[THE INPUT Boundary: Start]

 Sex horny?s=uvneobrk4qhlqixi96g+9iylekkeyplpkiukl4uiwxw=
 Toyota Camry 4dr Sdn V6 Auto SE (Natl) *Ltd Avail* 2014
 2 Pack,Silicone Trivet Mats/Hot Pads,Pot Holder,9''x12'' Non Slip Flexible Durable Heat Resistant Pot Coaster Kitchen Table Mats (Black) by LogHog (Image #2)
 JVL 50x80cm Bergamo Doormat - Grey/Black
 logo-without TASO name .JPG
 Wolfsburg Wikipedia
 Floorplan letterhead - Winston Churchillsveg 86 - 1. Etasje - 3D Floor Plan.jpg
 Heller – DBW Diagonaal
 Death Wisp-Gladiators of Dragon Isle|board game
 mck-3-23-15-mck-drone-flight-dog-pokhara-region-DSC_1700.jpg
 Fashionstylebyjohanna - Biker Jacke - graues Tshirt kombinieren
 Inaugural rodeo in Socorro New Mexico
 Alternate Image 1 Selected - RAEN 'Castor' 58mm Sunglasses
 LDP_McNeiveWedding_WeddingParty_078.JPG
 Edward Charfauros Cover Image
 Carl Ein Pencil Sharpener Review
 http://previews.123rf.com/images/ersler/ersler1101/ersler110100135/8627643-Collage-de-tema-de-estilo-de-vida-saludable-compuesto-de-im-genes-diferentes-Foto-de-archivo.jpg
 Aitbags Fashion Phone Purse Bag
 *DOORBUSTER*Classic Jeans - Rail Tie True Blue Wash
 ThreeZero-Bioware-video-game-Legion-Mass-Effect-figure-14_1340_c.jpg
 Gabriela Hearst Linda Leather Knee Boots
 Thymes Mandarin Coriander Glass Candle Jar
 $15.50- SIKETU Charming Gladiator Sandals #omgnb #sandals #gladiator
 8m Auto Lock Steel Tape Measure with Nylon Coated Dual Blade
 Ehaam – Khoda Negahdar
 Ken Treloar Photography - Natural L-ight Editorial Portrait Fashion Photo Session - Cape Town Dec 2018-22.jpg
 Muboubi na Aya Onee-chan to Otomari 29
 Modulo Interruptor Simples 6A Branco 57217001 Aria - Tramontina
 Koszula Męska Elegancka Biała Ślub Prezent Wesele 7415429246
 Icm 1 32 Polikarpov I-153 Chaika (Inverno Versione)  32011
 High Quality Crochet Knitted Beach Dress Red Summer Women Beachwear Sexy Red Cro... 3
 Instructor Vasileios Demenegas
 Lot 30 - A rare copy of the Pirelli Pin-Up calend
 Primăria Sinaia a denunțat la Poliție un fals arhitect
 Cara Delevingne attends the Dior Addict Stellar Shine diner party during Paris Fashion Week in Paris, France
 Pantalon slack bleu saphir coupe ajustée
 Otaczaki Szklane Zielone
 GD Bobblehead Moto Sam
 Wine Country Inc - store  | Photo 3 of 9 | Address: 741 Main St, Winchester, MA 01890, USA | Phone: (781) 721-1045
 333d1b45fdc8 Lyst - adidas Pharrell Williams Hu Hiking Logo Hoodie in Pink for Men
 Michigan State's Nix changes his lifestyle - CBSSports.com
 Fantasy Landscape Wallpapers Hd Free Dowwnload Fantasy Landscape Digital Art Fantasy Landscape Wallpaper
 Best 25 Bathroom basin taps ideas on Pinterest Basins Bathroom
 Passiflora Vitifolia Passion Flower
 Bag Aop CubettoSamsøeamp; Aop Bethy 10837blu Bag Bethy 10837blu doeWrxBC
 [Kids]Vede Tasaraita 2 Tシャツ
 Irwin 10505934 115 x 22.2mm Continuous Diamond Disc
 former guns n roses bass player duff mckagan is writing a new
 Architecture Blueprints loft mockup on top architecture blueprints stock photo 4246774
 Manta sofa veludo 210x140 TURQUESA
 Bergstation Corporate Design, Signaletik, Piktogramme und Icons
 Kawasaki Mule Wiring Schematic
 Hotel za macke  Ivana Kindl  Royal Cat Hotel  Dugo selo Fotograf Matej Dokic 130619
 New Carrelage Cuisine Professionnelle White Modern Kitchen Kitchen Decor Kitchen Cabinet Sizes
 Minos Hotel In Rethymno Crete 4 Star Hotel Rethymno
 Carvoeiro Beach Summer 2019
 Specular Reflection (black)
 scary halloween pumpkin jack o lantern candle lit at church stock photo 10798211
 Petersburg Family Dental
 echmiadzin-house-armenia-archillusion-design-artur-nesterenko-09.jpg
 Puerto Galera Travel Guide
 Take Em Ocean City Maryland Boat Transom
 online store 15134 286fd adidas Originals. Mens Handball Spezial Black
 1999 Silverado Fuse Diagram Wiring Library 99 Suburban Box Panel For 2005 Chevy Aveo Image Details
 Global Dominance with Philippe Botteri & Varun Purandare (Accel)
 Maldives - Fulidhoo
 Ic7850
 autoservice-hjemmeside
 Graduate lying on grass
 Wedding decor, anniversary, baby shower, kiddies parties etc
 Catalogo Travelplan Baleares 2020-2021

[THE INPUT Boundary: End]

**TASK INSTRUCTIONS**.
Would you output, from the records above, exactly the run of lines that starts at the line containing "Pantalon slack bleu saphir coupe ajustée" and ends at the line containing "Passiflora Vitifolia Passion Flower", and only that run?

**TASK ANSWER**.
 Pantalon slack bleu saphir coupe ajustée
 Otaczaki Szklane Zielone
 GD Bobblehead Moto Sam
 Wine Country Inc - store  | Photo 3 of 9 | Address: 741 Main St, Winchester, MA 01890, USA | Phone: (781) 721-1045
 333d1b45fdc8 Lyst - adidas Pharrell Williams Hu Hiking Logo Hoodie in Pink for Men
 Michigan State's Nix changes his lifestyle - CBSSports.com
 Fantasy Landscape Wallpapers Hd Free Dowwnload Fantasy Landscape Digital Art Fantasy Landscape Wallpaper
 Best 25 Bathroom basin taps ideas on Pinterest Basins Bathroom
 Passiflora Vitifolia Passion Flower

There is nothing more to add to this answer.